Terre di sotto, the sangiovese by Castello di Ripa d’Orcia Winery

Complying with our usual request “tell us of your wine as if it was a person” Filippo Rossi has no doubts, his Sangiovese is a determined, strong, charming male who loves standing out. We were probably expecting that. What did surprise us, was learning about this thirty something years old keen on exploring a long road of opportunities ahead while travelling the world. This Sangiovese is challenging the comfort zone, leaving behind its home territory and beautiful castle, seeking for adventures and chances to affirm itself.

 

 

The Castello di Ripa d’Orcia (Castele of Ripa d’Orcia) Winery is located in Castiglione d’Orcia, Val d’Orcia (Siena, Tuscany).
The vineyards are 300 meters above the sea level, south-west facing. All the plants are grown with cordon trained, spur pruned.

To produce Terre di Sotto (Sangiovese 100%) the grapes are thoroughly selected during a late-September harvest. The fermentation starts in steal containers with a controlled room temperature. The ageing takes place partly in 35 hectolitre oak barrels and partly in 5 hectolitre tonneaux, this process allows the soft tannins expression typical of mature Sangiovese. Eighteen months after the harvest, the wine is bottled and aged for a further 6 months. The Terre di Sotto is ruby red with purple shades. It has a good structure, complex and fully persistent flavour, spicy notes with red fruits intensity. The average yearly production is 5,000 bottles.
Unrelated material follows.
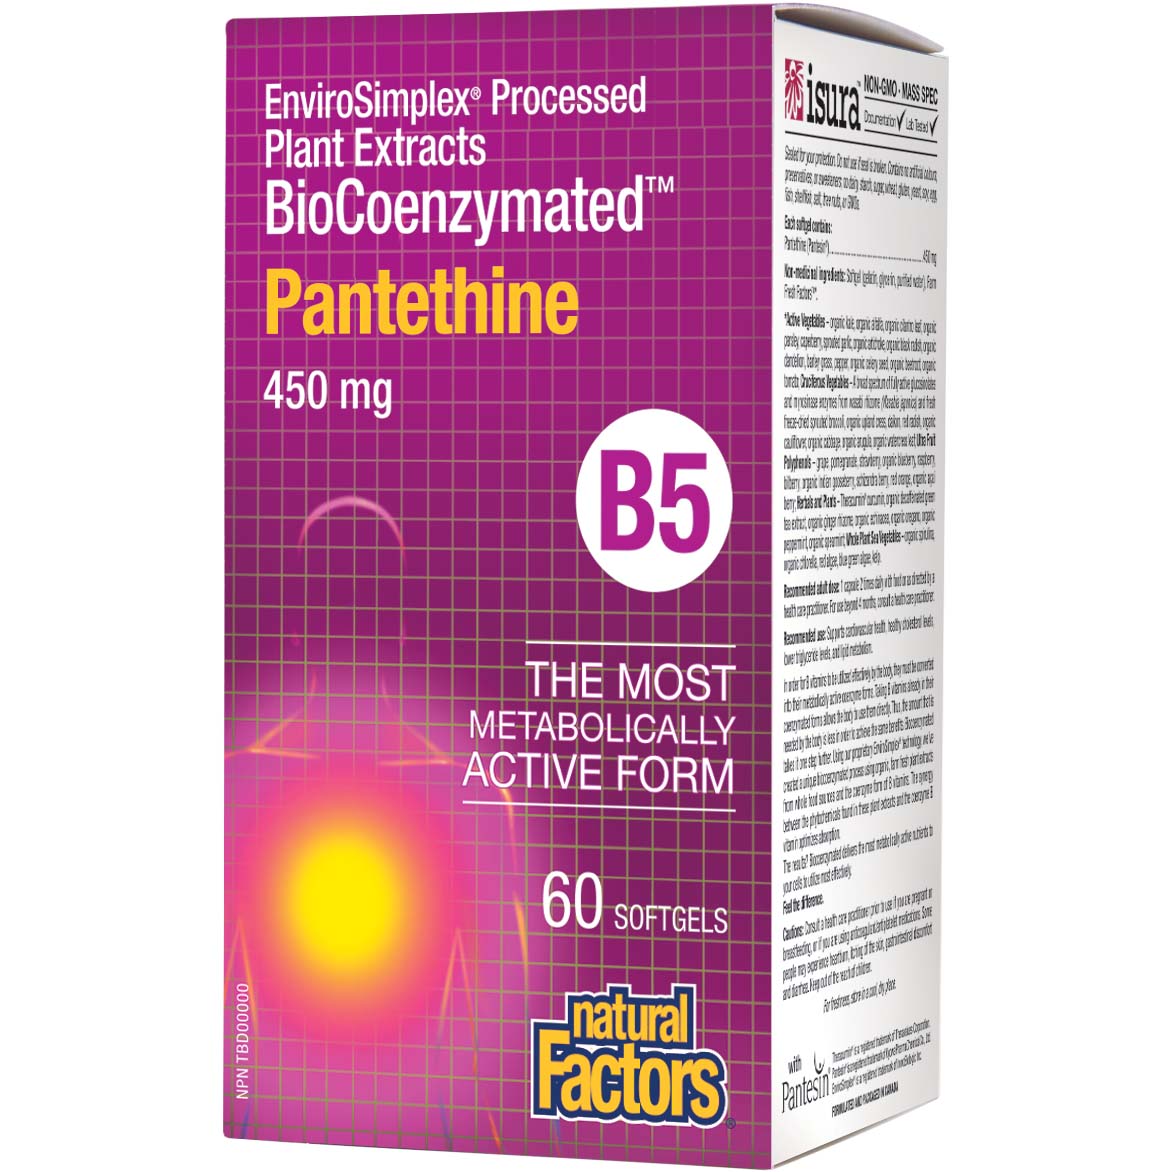 Natural Factors B5 Biocoenzymated Pantethine, 450 mg, 60 Softgels

The Castello di Ripa d’Orcia vineyards grow at the feet of the castle, surrounded by woodland and mediterranean vegetation, all within the unadulterated ecosystem of Val d’Orcia. The soil is treated organically, preserving in this way the primal balance between all natural components, animal, mineral and vegetal. Working closely with nature in an uncomplicated yet respectful manner allows the earth’s energy to generate healthy and uncontaminated grapes. This dedication is then followed by a careful, unobtrusive work in the cellar, crucial for the expression of a unique terroir’s elegance and complexity.